Work order » Restate word for word the lines below from the one that has "A boy clings" through the one that has "To touch, to", keeping both and dropping all pictures.

Exercise material »
=======

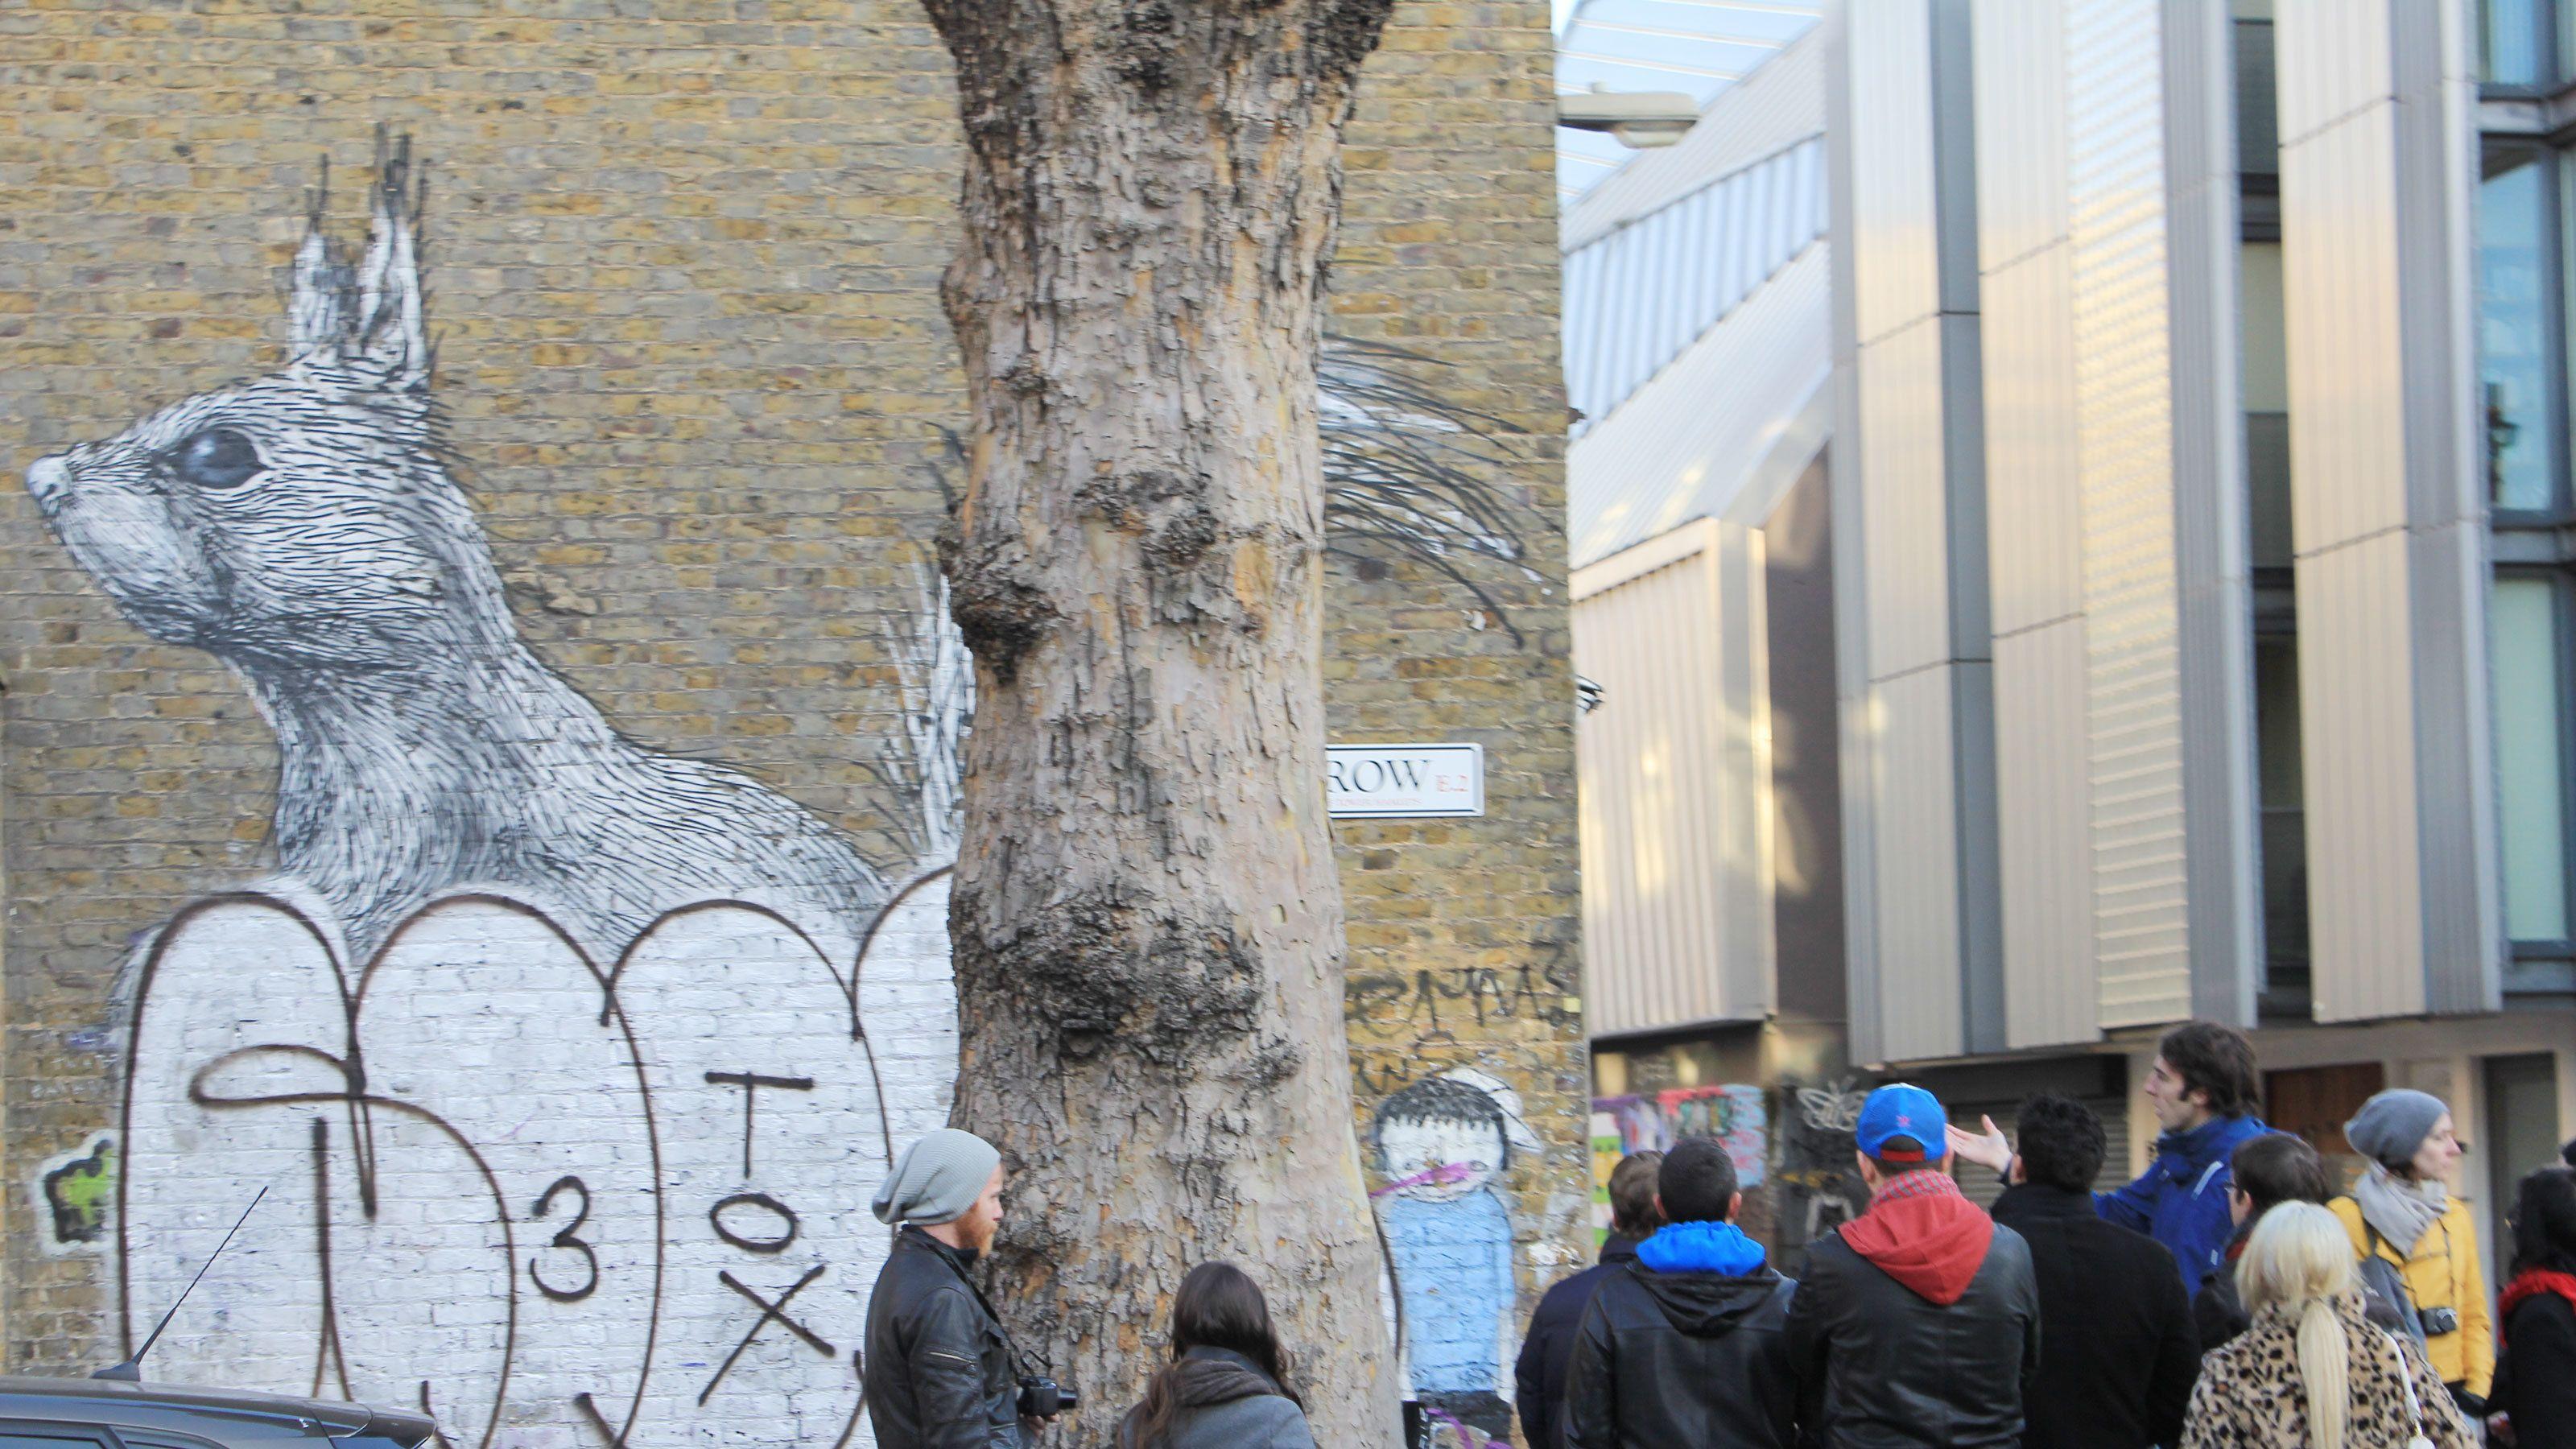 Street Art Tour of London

=======

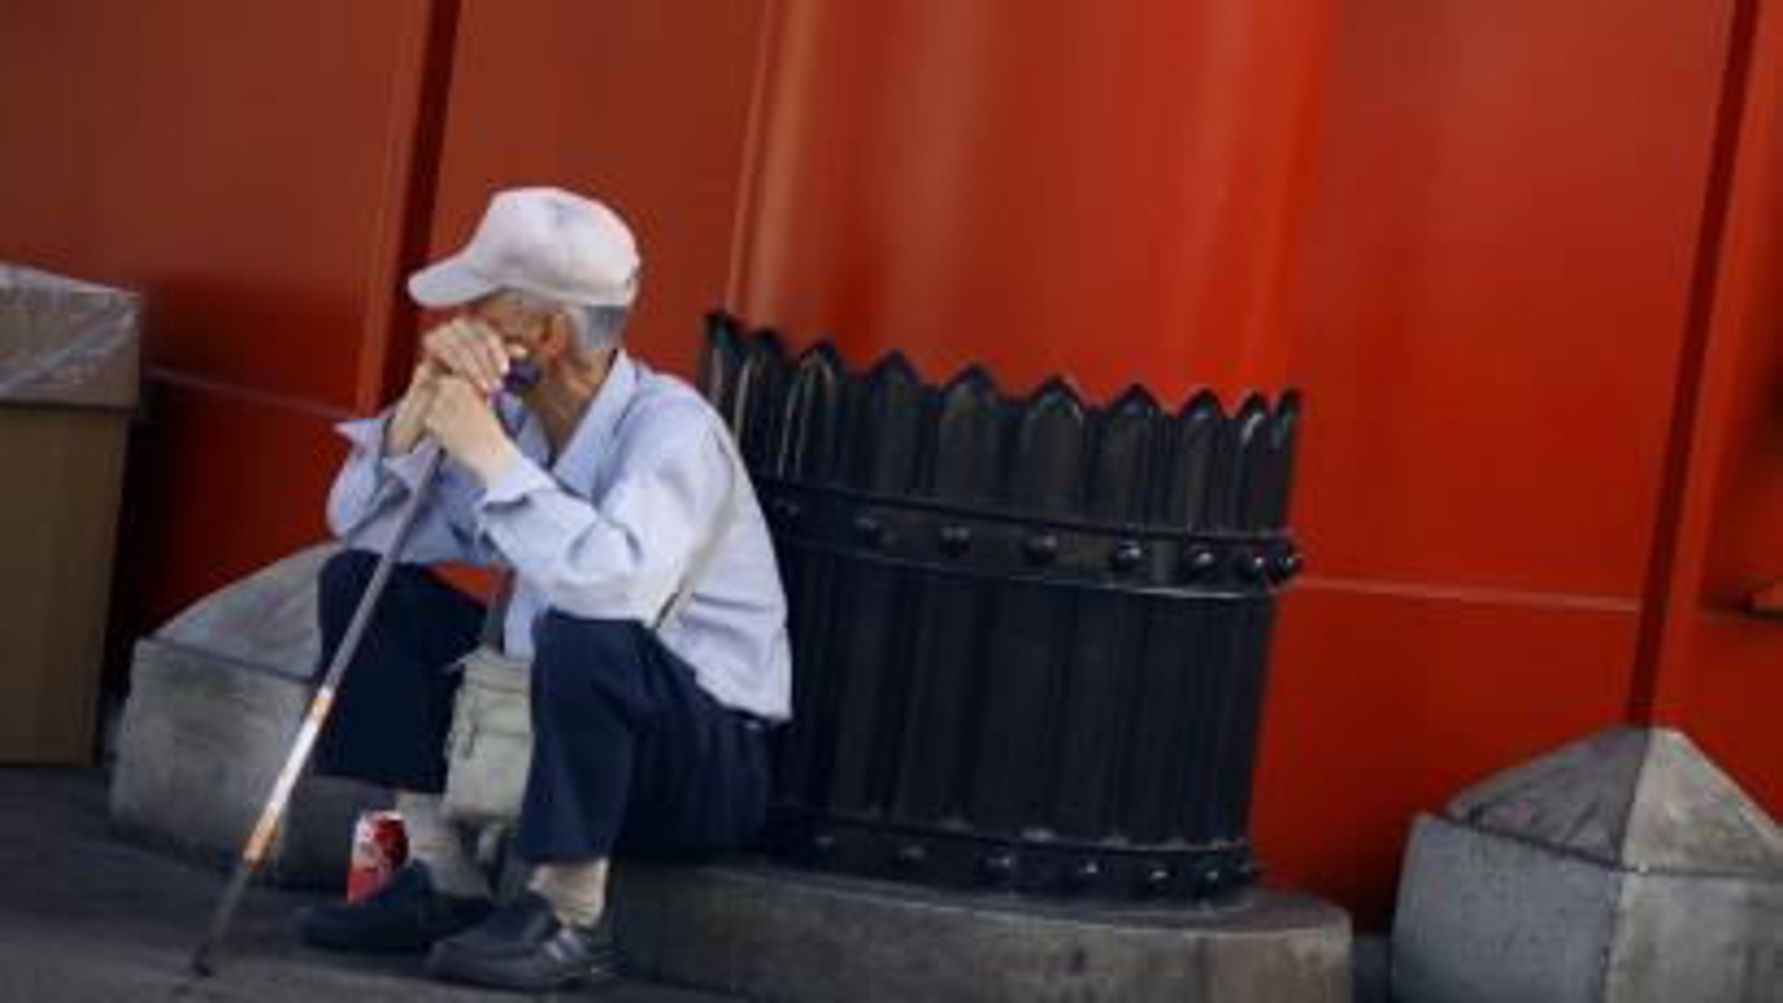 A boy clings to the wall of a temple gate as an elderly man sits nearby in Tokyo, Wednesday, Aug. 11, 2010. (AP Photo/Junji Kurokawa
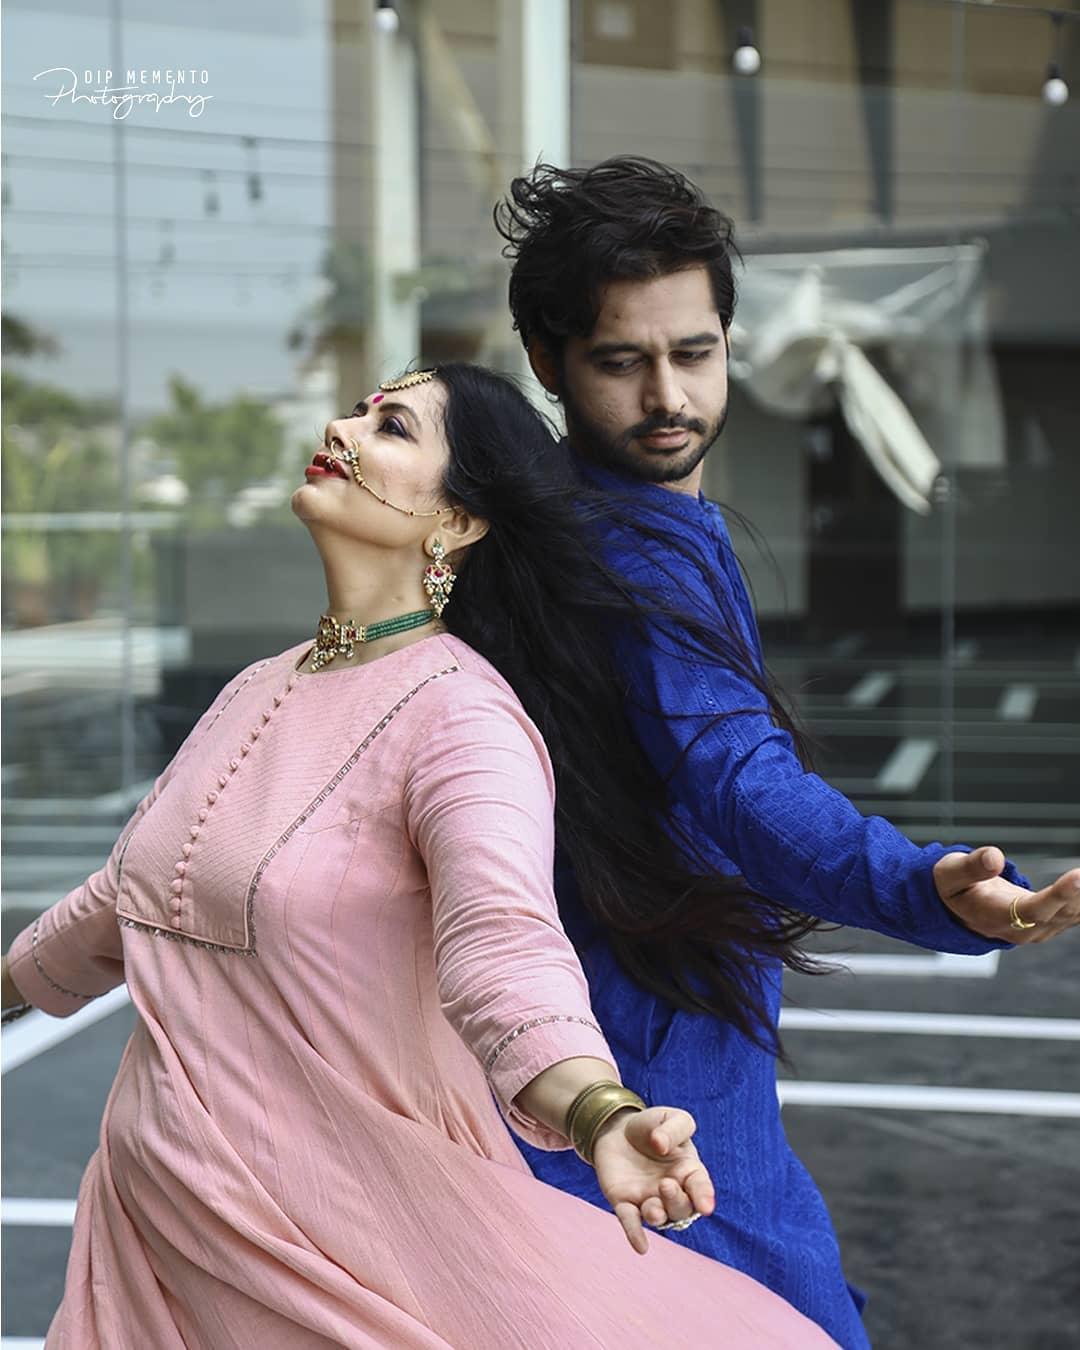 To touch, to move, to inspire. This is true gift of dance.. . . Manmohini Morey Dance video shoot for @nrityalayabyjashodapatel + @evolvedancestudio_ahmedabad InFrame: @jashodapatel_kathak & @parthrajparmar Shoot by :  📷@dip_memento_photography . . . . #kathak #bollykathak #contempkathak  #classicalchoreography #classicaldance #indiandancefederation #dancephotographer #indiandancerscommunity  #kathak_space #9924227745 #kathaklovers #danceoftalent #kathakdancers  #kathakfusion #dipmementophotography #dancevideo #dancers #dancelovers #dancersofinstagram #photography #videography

=======

Answer »
 A boy clings to the wall of a temple gate as an elderly man sits nearby in Tokyo, Wednesday, Aug. 11, 2010. (AP Photo/Junji Kurokawa
 To touch, to move, to inspire. This is true gift of dance.. . . Manmohini Morey Dance video shoot for @nrityalayabyjashodapatel + @evolvedancestudio_ahmedabad InFrame: @jashodapatel_kathak & @parthrajparmar Shoot by :  📷@dip_memento_photography . . . . #kathak #bollykathak #contempkathak  #classicalchoreography #classicaldance #indiandancefederation #dancephotographer #indiandancerscommunity  #kathak_space #9924227745 #kathaklovers #danceoftalent #kathakdancers  #kathakfusion #dipmementophotography #dancevideo #dancers #dancelovers #dancersofinstagram #photography #videography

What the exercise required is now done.